Faust © Vítor Barbosa (DR/Casa da Música)

Foi de facto de longas e intensas explorações que se fez a actuação dos Faust. Da combinação da guitarra de Steven Wray Lobdell, da bateria de Jan Fride-Wolbrandt (que tirando as vezes em que fez lembrar uma bateria de rock de estádio foi essencial na construção dos temas) e pelo baixo de Michael Stoll (que também tomou conta da flauta e do contrabaixo). O jovem e alienado Lars Paukstat foi responsável pela percussão mais peculiar e pelos utensílios bizarros (ferros contra ferros numa banca que não passava despercebida a ninguém e até uma enorme chapa metálica onde Lars Paukstat chegou a bater com umas correntes e com um enorme martelo, produzindo o barulho imaginável) e também pela introdução em alguns momentos de vocalizações em alemão em inglês que continuavam em loop por mais ou menos tempo, conforme o efeito desejado.

A certa altura, surpreendentemente, os Faust, depois de tanta exploração e experimentalismo, haviam de cair no formato canção rock ‘n’ roll que, contudo, desapareceu logo depois. A parte final do concerto fez-se de muita percussão e de algumas surpresas. A certa altura, Lars Paukstat chegou-se à frente onde estava uma enorme viga de ferro e, com uma rebarbadora, provocou uma verdadeira explosão de faíscas (que atingiu o corajoso público instalado nas primeiras filas) que durou alguns minutos e que produziu um efeito sonoro e visual impressionante. Pouco depois o mesmo Lars Paukstat pegou noutra rebarbadora para fazer o mesmo junto da grande chapa de ferro que se encontrava junto de um dos lados do palco. Pelo efeito surpresa provocado por certos elementos e por alguns realmente excelentes momentos de exploração, os Faust de hoje não envergonham quando comparados com os Faust dos anos 70.

Dälek © Vítor Barbosa (DR/Casa da Música)

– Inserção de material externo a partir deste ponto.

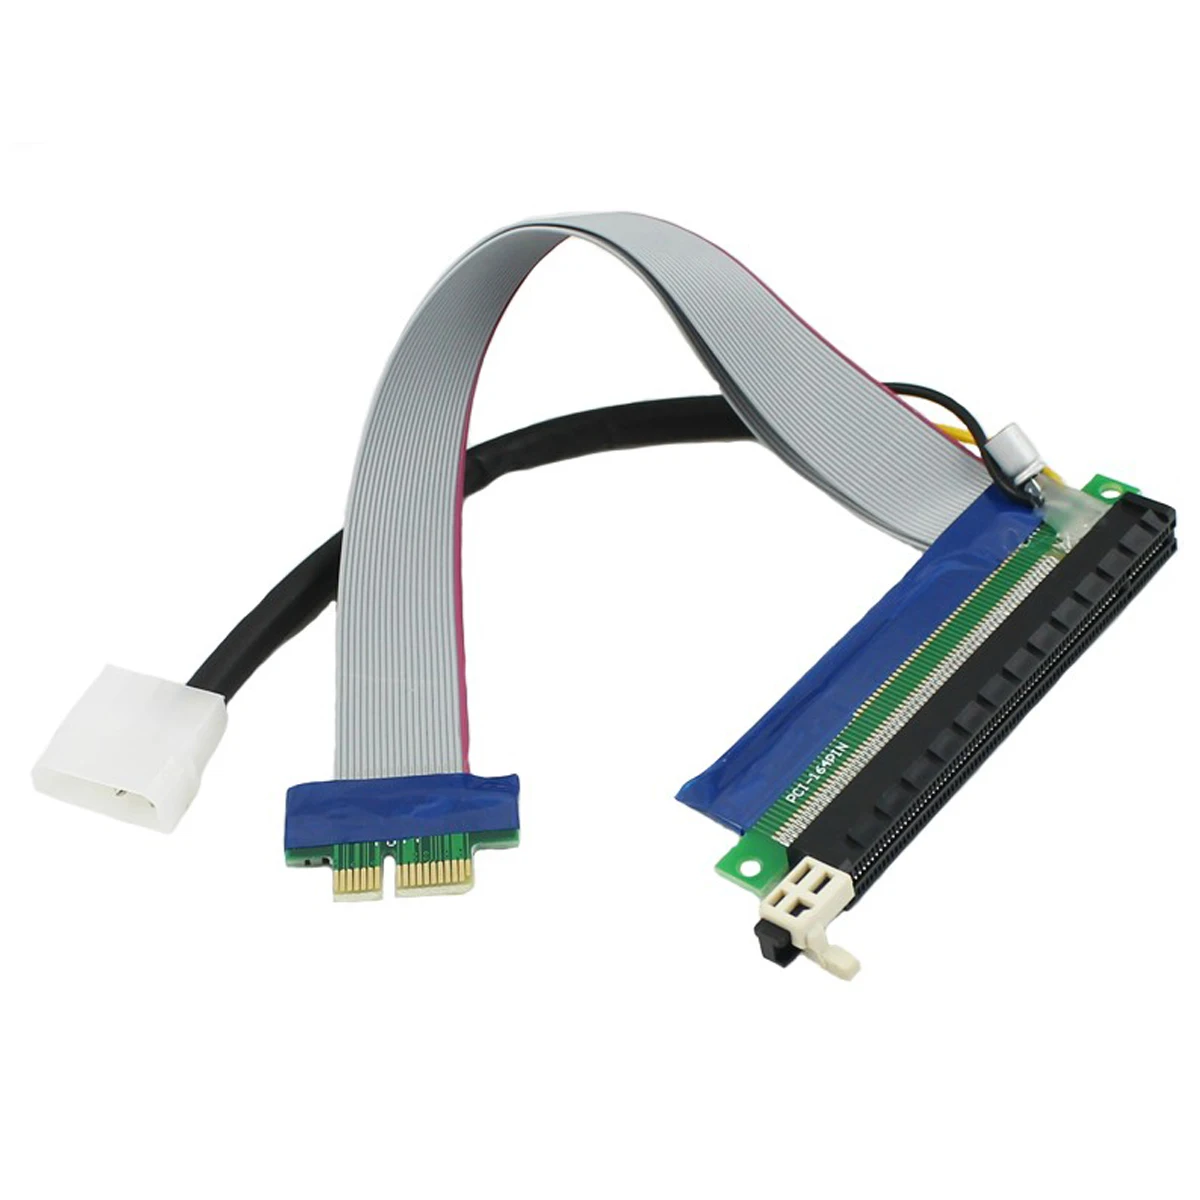 

PCI-E Express 1x to 16x Flex Extension Cable Extender Riser Card Converter Adapter with 4pin Power 20cm

Na primeira parte do concerto estiveram os Dälek, duo formado por Will Brooks (na voz) e Oktopus (nas máquinas) que gravaram em tempos Faust vs Dälek com os Faust. Mas era obviamente Absence o principal motivo da noite; isso e todos os temas que perfazem a visão dura e negra do hip-hop de Dälek. São batidas fortes e agressivas a que se juntam guitarras de características iguais abastecidas por letras inteligentes e, muitas vezes, sarcásticas. Mas se no caso dos Faust os lugares sentados favoreceram o ambiente geral que se vivia em palco (explorações muitas das vezes de volume reduzido e plenas de pormenores), o mesmo já não se pode dizer dos Dälek (temas duros, rudes e sempre com o som no vermelho). Tanta agressividade merecia uma forma capaz de resposta do público que não a sentada.